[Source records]
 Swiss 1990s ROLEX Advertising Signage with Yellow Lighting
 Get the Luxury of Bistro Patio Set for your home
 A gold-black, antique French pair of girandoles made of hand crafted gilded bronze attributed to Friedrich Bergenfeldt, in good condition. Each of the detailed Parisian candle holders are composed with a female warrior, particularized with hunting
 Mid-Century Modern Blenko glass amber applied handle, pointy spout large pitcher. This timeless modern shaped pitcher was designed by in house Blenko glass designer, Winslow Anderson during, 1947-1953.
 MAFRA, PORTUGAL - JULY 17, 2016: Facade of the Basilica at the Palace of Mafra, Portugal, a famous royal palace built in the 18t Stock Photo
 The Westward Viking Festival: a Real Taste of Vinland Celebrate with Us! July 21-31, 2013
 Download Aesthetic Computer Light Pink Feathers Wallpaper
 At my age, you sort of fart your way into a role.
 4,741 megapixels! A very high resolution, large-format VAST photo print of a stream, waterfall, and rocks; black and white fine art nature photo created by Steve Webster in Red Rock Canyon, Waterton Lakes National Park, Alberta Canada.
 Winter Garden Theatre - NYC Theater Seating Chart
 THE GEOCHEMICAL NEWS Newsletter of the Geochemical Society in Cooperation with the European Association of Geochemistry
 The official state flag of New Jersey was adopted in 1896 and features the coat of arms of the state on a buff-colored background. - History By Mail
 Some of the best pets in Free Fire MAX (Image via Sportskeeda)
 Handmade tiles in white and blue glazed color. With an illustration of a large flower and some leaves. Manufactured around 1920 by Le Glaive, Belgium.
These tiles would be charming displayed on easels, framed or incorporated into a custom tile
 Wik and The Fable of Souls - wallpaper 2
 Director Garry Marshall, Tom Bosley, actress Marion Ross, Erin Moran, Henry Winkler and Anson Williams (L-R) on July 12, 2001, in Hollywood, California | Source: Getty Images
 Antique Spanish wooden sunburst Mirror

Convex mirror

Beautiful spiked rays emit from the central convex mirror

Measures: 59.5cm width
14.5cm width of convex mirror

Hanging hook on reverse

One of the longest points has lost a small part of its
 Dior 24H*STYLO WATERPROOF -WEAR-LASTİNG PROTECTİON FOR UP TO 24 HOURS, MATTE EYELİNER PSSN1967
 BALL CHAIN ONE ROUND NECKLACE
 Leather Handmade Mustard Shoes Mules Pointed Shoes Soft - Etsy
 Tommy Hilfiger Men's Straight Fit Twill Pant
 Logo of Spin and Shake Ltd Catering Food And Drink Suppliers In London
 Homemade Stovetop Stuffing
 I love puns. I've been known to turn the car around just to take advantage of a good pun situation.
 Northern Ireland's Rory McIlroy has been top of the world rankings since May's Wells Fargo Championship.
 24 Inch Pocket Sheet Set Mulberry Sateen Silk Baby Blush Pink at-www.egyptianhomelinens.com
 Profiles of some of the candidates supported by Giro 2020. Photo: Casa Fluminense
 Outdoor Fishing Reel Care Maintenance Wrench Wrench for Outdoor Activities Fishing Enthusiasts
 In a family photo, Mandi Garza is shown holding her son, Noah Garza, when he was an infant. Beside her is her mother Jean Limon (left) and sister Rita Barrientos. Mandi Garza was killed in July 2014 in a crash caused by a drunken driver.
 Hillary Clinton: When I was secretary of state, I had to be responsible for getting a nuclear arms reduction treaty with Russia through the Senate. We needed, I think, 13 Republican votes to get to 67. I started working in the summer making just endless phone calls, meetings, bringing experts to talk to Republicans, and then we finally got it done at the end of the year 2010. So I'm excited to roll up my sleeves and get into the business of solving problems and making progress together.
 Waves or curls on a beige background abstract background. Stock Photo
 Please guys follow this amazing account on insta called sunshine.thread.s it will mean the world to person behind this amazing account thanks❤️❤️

▶ **TASK STATEMENT**
Using the entries above, return exactly the lines from the line with "Wik and The Fable of Souls - wallpaper 2" to the line with "Northern Ireland's Rory", counting both of those lines.

▶ **EXPECTED ANSWER**
 Wik and The Fable of Souls - wallpaper 2
 Director Garry Marshall, Tom Bosley, actress Marion Ross, Erin Moran, Henry Winkler and Anson Williams (L-R) on July 12, 2001, in Hollywood, California | Source: Getty Images
 Antique Spanish wooden sunburst Mirror

Convex mirror

Beautiful spiked rays emit from the central convex mirror

Measures: 59.5cm width
14.5cm width of convex mirror

Hanging hook on reverse

One of the longest points has lost a small part of its
 Dior 24H*STYLO WATERPROOF -WEAR-LASTİNG PROTECTİON FOR UP TO 24 HOURS, MATTE EYELİNER PSSN1967
 BALL CHAIN ONE ROUND NECKLACE
 Leather Handmade Mustard Shoes Mules Pointed Shoes Soft - Etsy
 Tommy Hilfiger Men's Straight Fit Twill Pant
 Logo of Spin and Shake Ltd Catering Food And Drink Suppliers In London
 Homemade Stovetop Stuffing
 I love puns. I've been known to turn the car around just to take advantage of a good pun situation.
 Northern Ireland's Rory McIlroy has been top of the world rankings since May's Wells Fargo Championship.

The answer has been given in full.